A restriction of free speech by any other name is still unconstitutional. No matter how much the Missouri government wants to regulate alcohol it may not do so by restricting the freedom of speech. Cato joins the ACLU and the Freedom Center of Missouri on an amicus brief supporting a challenge to a Missouri law prohibiting alcohol producers from advertising alcohol prices unless the prices are displayed inside a retailer—and they may not advertise who their retail partners are unless they list more than one. This both limits and compels speech.


The government argues that advertising is “commercial speech” and therefore not afforded the same protections under the First Amendment as every other type of speech. The “commercial speech” doctrine traces back to Valentine v. Chrestensen, an infamous case from the 1940s in which the Court arbitrarily decided commercial advertising wasn’t constitutionally protected. The Court has slowly been hacking away at this arbitrary rule, eventually creating an intermediate protection for commercial speech in under the Central Hudson Gas & Electric Corp. v. Public Service Commission (1980), where courts must balance four factors before deciding whether to nullify a restriction on commercial speech.


The Central Hudson test requires courts to determine: (1) whether the speech is false or misleading, (2) whether the government has a “substantial interest” in regulating the speech at issue, (3) whether the censorship directly advances the government’s interest in regulating the desired object, and (4) whether the government’s speech‐​regulation is no more restrictive than necessary. As reasonable as the words may seem in the abstract, the test has sprouted a thicket of arbitrary rulings contrary to the original meaning of the First Amendment.

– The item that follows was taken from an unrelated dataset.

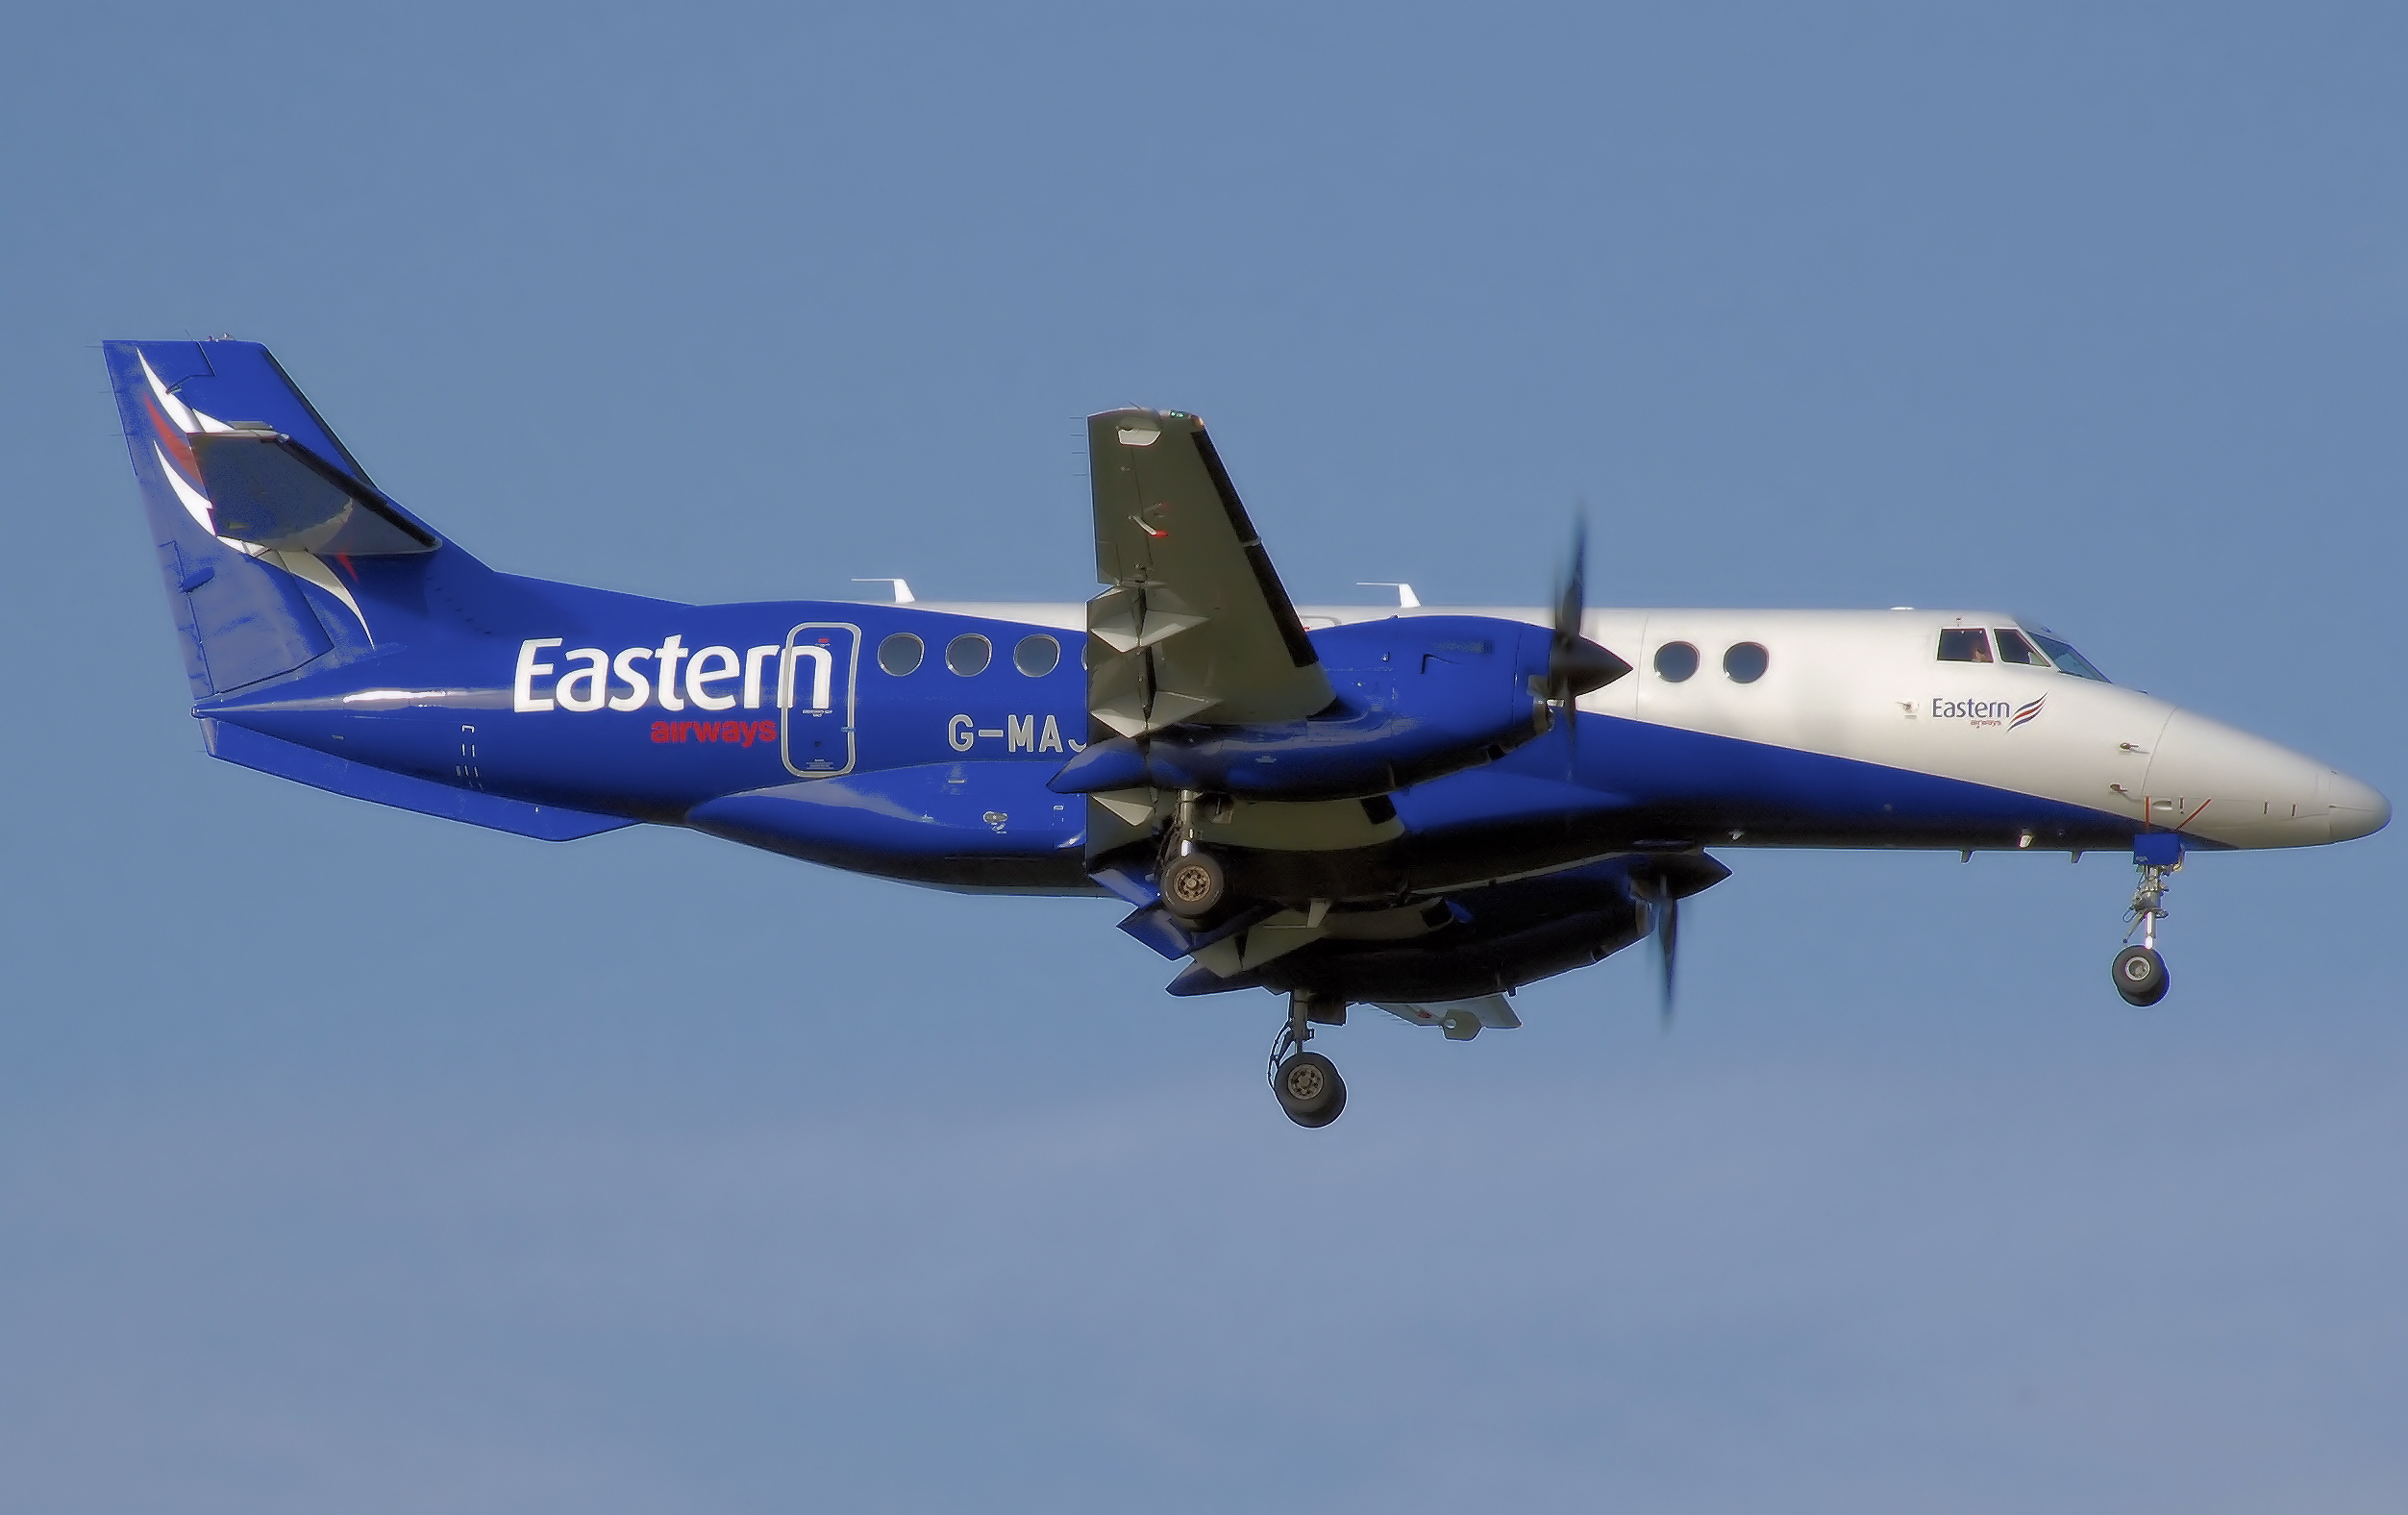 British Aerospace Jetstream 41 next
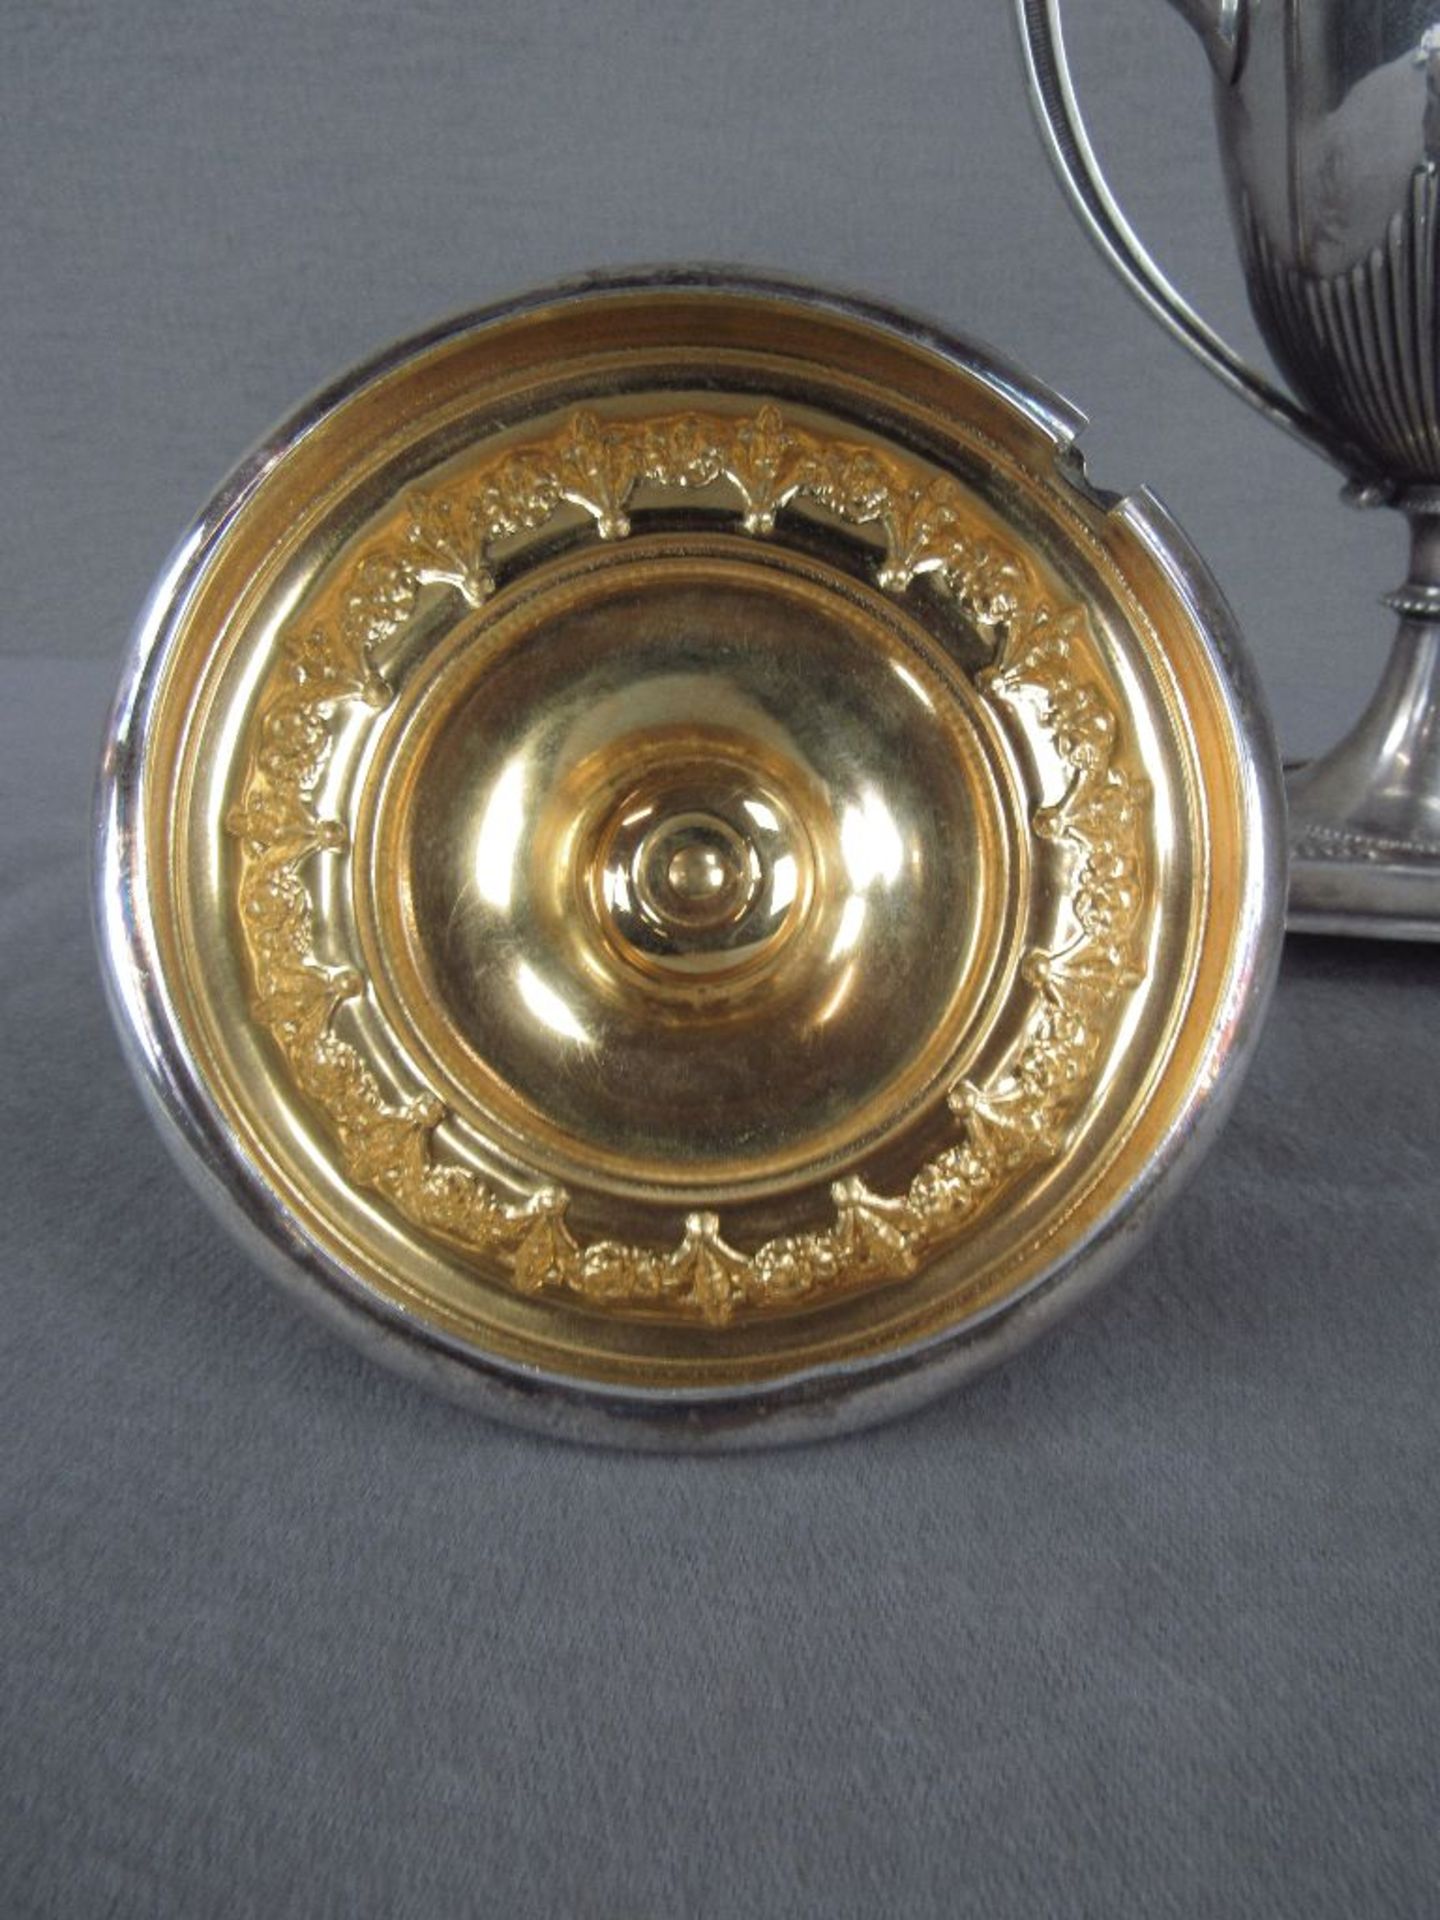 Amphorengefäß evtl Silber ungeprüft um 1910 zwei Handhaben vier Kugelfüße innen vergoldet sehr - Bild 3 aus 5

What exactly qualifies as a “substantial interest” for a government has never been particularly clear. Nor has the Court been able to demonstrate where in the First Amendment some types of speech are afforded greater protections than others. Justices from John Paul Stevens to Clarence Thomas have criticized the Central Hudson test for its arbitrary factors and lack of grounding in the text of the First Amendment.


Our brief argues that alcohol advertising is just as much a form of speech as literature and political speech, deserving of protection from arbitrary government restrictions. The Central Hudson test should be eliminated in favor of the standard First Amendment protection for any kind of speech—which of course isn’t absolute, but is also not subject to government whim.


Despite the “commercial speech” doctrine’s emergence seemingly over night, and that the Central Hudson test still stands after nearly 30 years, Cato once more opposes this impediment to both the freedom of speech and economic liberty in the hope that, as Shakespeare put it in Henry VI, Part III, “many strokes, though with a little ax, hew down and fell the hardest timbered oak.”